Thanks to last week’s election rout, the debate is settled over whether Obama is a failed president. From the lackluster economy to global troubles, his obvious shortcomings are legion.

Yet race relations were one area where it seemed safe to assume he would leave a positive legacy. His ­meteoric rise sent hopes soaring that the scars of the past would be erased the moment he took office.

He had compared himself to the Great Emancipator, Abraham Lincoln. He announced his candidacy from the same spot Lincoln had announced his, in Springfield, Ill., and took the oath on Lincoln’s Bible.

“Not only is Lincoln one of my political heroes,” Obama told USA Today in 2007, “but, like Lincoln, I served for seven years in Springfield in the state Senate, and it’s there I learned how to legislate; it’s there that I developed many of my political ideas.”

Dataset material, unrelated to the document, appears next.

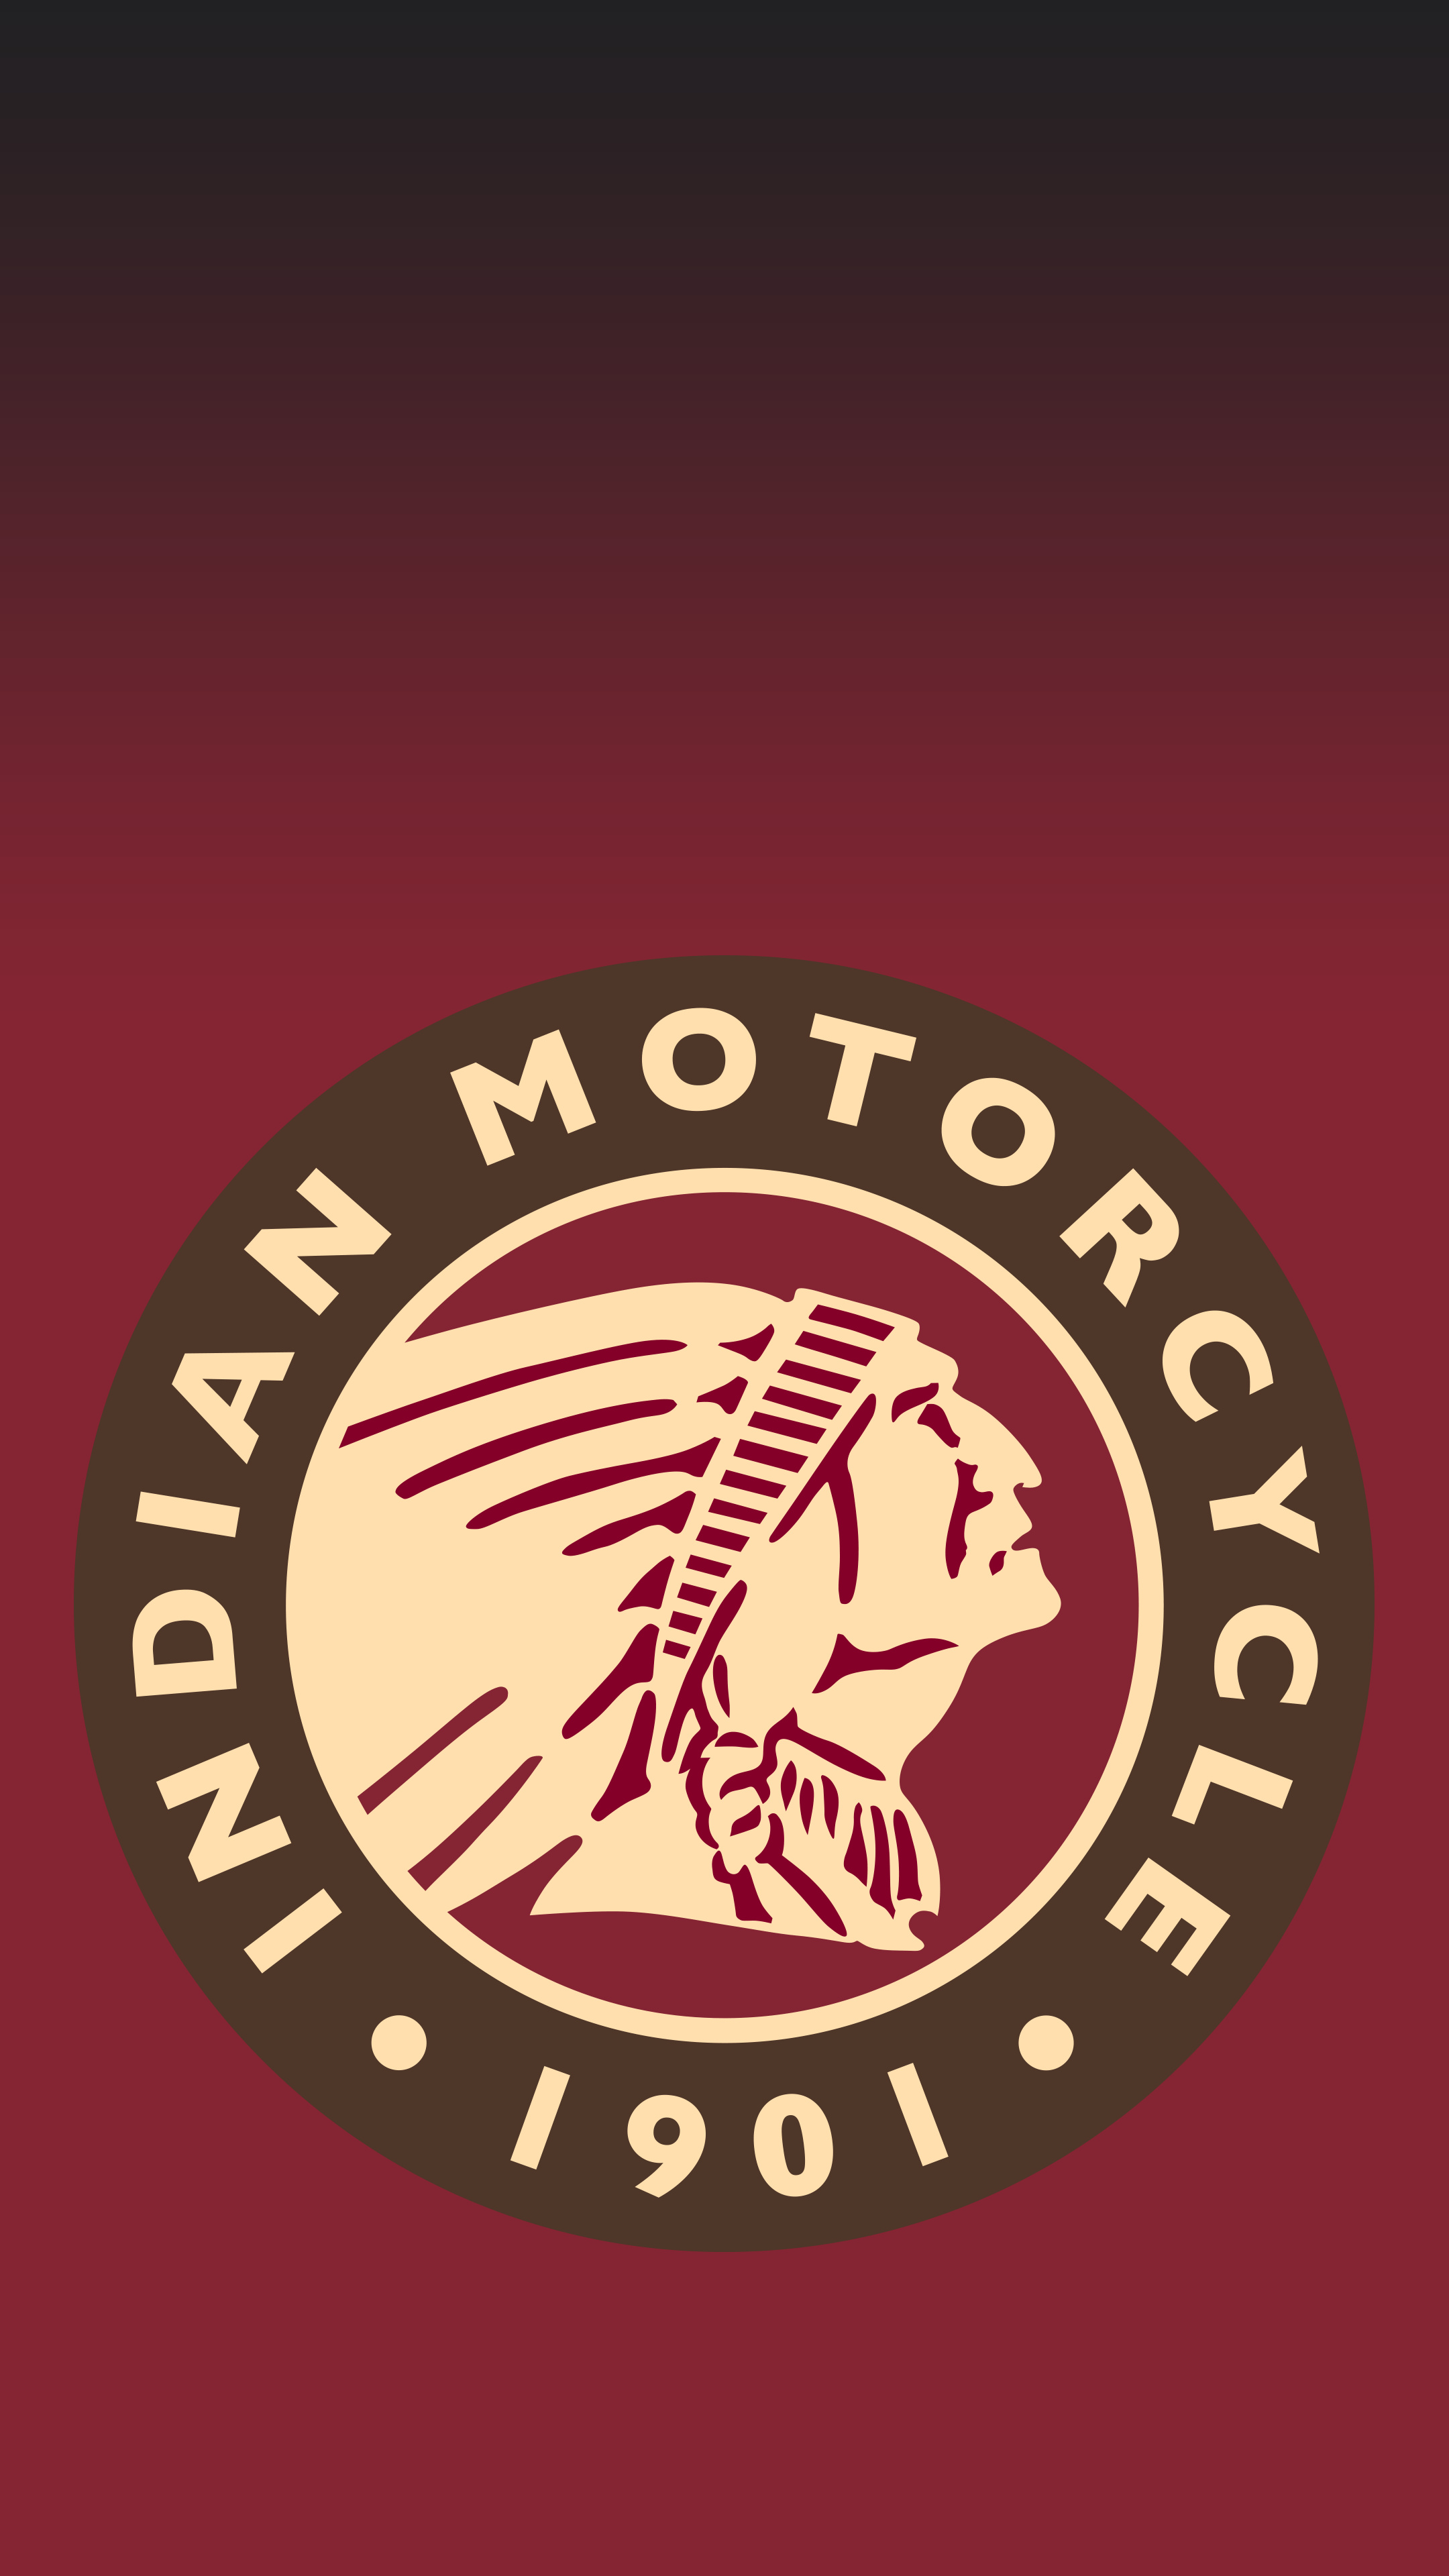 Indian Motorcycle, Logo wallpapers, Classic Indian imagery, Motorcycle brand identity, 2160x3840 4K Handy

Much of the nation shared his optimism. An NBC News exit poll in 2008 asked voters how they thought race relations would fare under Obama. Some 47 percent said they would get better, 34 percent thought they would stay about the same, while only 15 percent expected them to get worse.

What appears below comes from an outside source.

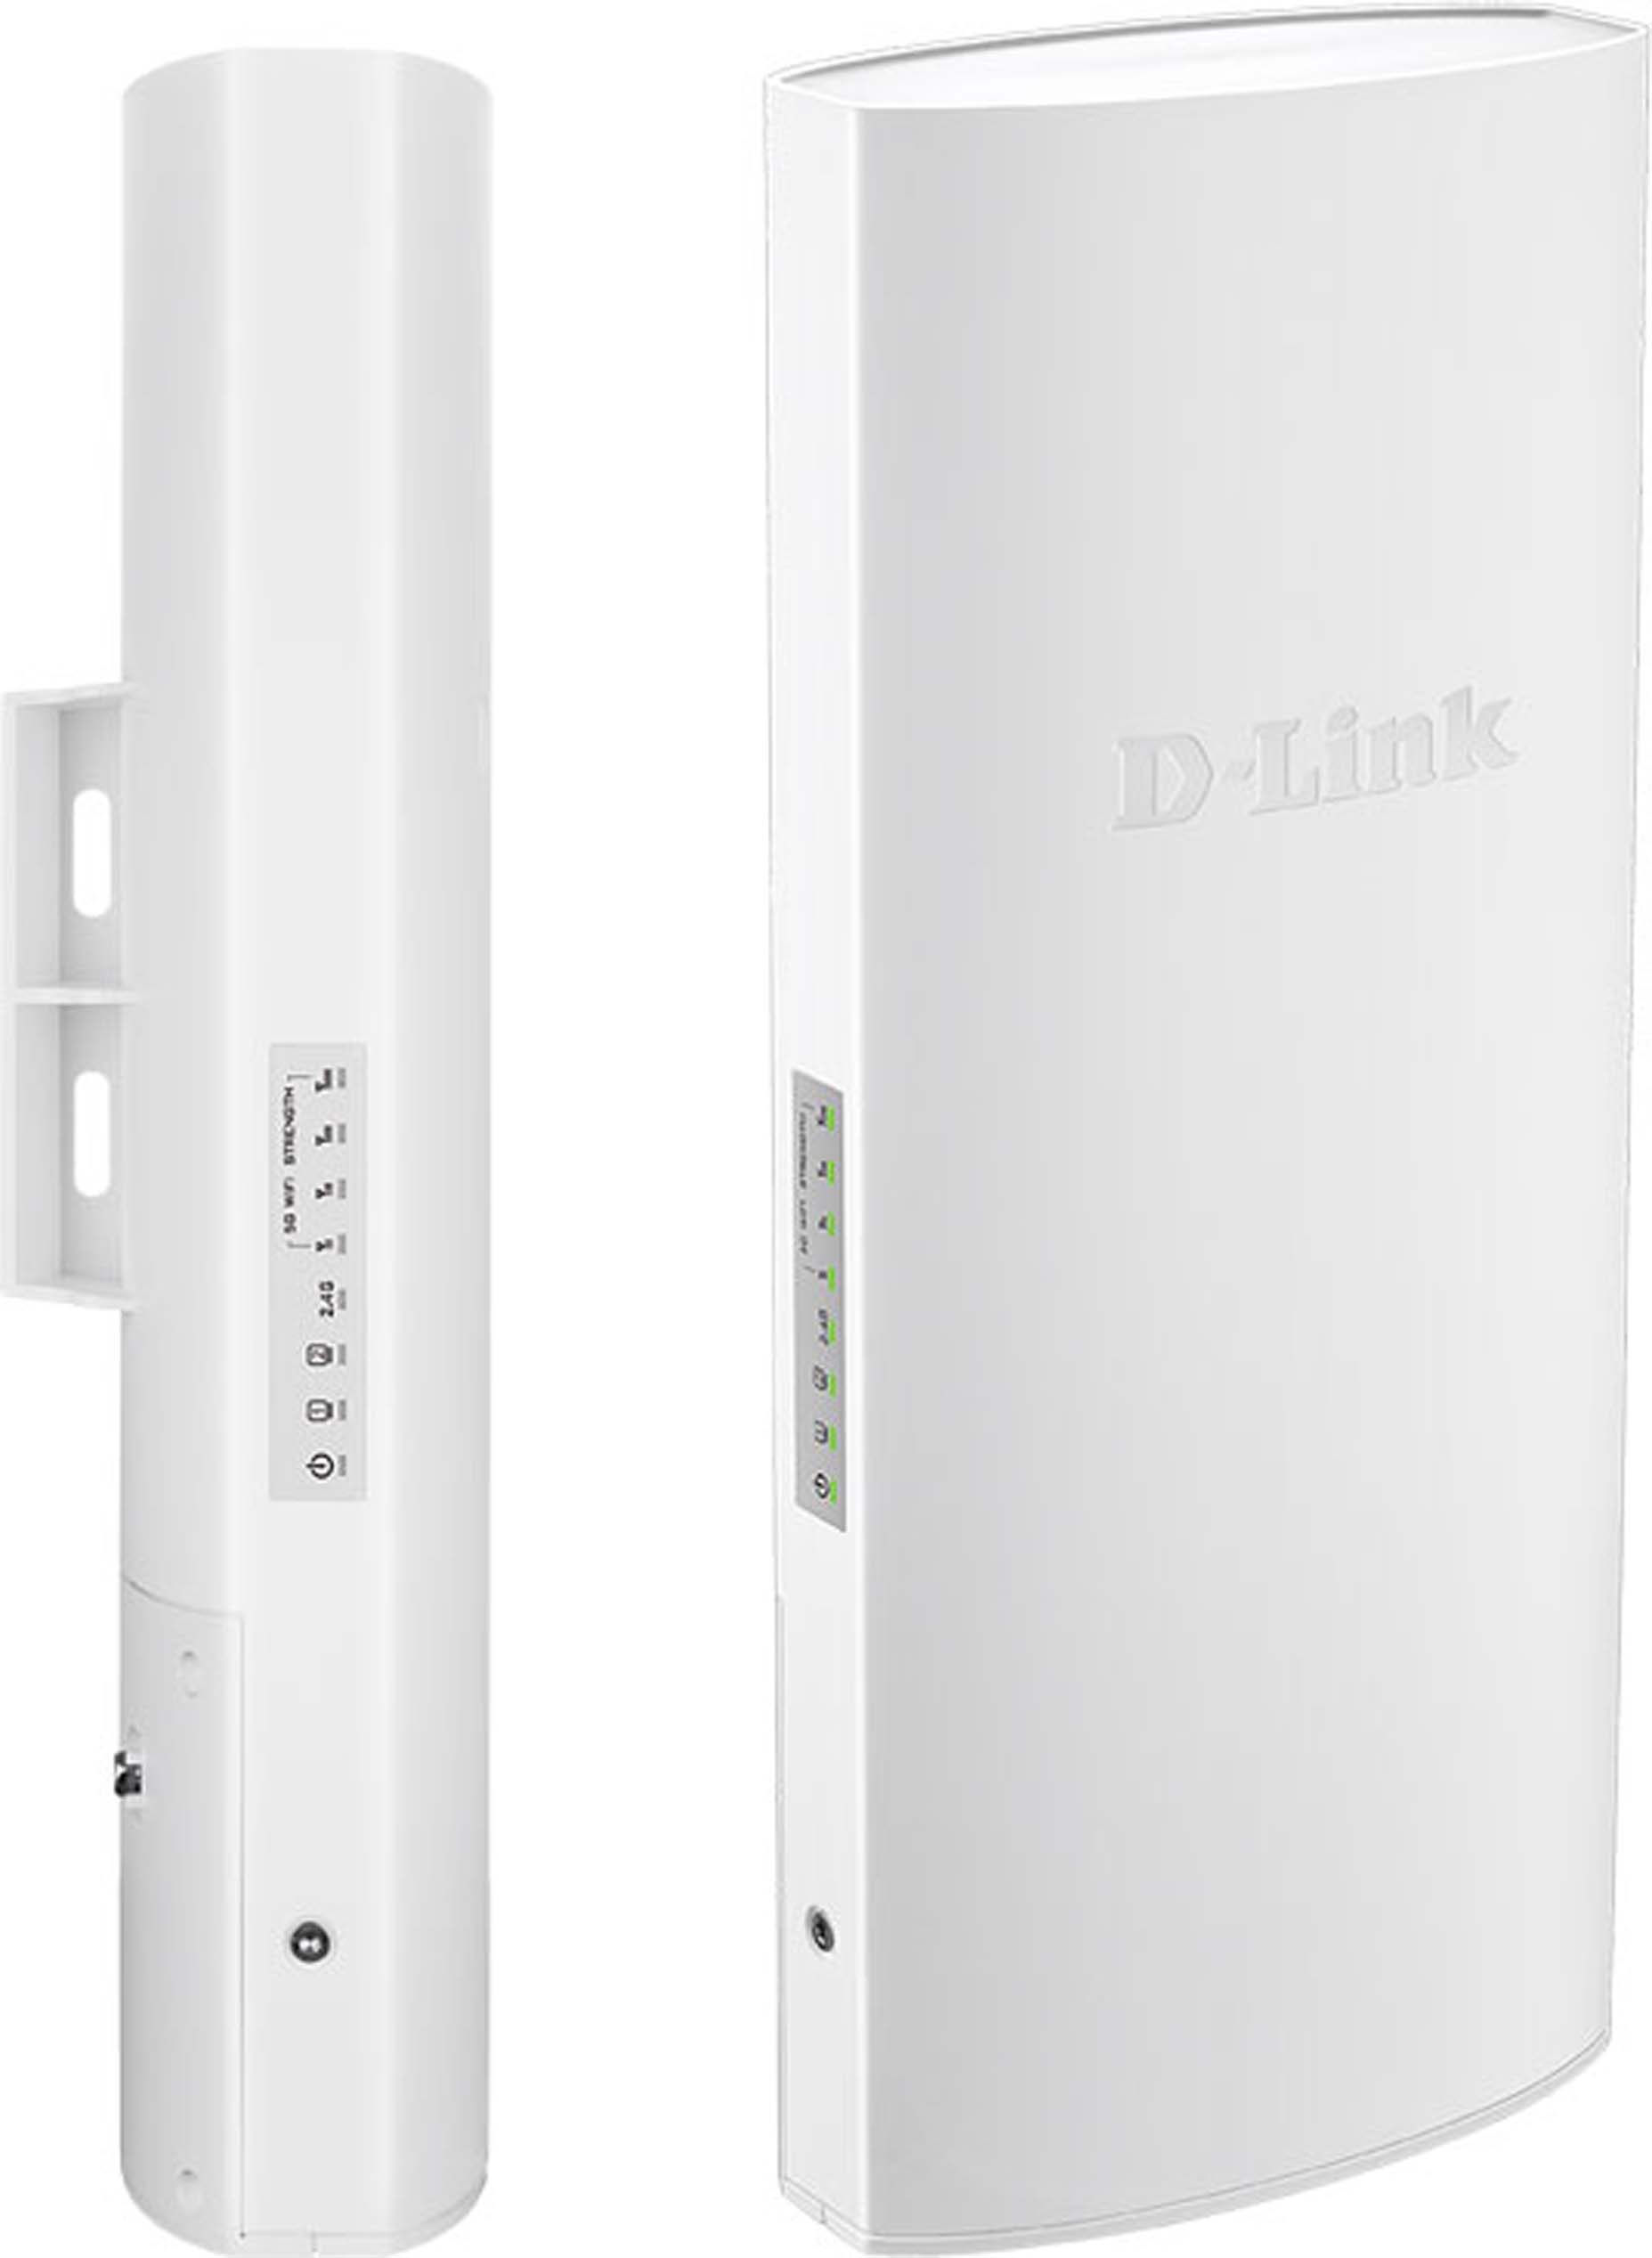 Harga jual D-Link DWL-6700AP Outdoor Unified Access Point

But last week, another NBC exit poll captured the bad news. Only 20 percent said race relations had improved under Obama, while 38 percent say they are worse.

Blacks are especially disappointed. Nearly 60 percent had high hopes in 2008, while only 19 percent now say things are better. A whopping 43 percent say things are worse.

Other polls found an even more lopsided view. A survey for Investor’s Business Daily found that nearly half of all adults think race relations are worse under Obama and 1 in 4 believe they are “much worse.” Only 18 percent say they are better.
While the problems are too entrenched to pinpoint a single source of failure, the president cannot ­escape responsibility.
After all, he appointed and has supported Attorney General Eric Holder, who took office by calling the country a “nation of cowards” on race.

That was provocative enough, but Holder routinely injects racial charges into political and legal issues, as if nothing has changed in 50 years. He sent a small army of FBI agents to Ferguson and declared the police force guilty of bias, even before an ­investigation.

He complained last April that he and Obama had been subjected to unique criticism, then denied he was talking about race. In July, as election season heated up, he charged that he and Obama were subjected to “racial animus.”

Then there’s Al Sharpton, who has the ear of de Blasio, Holder and Obama despite being notoriously ­divisive. Asked by The Washington Post how Sharpton, baggage and all, became so close to Obama, an aide said: “There’s a trust factor with The Rev from the Oval Office on down. He gets it.”

OK, then. That says it all.


That's what happens when you put a narcissistic, race baiting sociopath in the White House.

He is slowly derailing, coming un hinged after last Tuesday. Saying he will use executive orders to push through radical laws like the Amnesty for illegal criminals, which he will end up getting impeached for and rightfully so. He should have been impeached several times over by now for bypassing and thumbing his nose at Congress.


You mean have the sociopaths/psychopaths in the past have been somehow different? What about the ultimate but no where near as smooth psychopath, ole GW?

davidben1's photo
Tue 11/11/14 03:14 PM
in the seat of powers there be no racial games, nor corrupt games, nor most popular person games, but rather only all such games presented to the peoples, that keep the blind peoples fighting one another over data handed them, keeping them busied with the natural infinity debate about who be the most guilty, while power sit high and comfortable with no fear, seeing the game work well.

hail to power.

no photo
Tue 11/11/14 03:15 PM

the president approval has plummeted with congress


Reagan had quite a different situation, and still pretty much fluctuated between the low 40s and mid 50s approval thru his term,,,

and AFTER he left, he slowly became remembered as a great and a revered president,,,


But that wont happen with Odumbo, sinking, sinking, sunk, not worth salvaging. And the winners always write the history books and they enjoy making the bad even worse.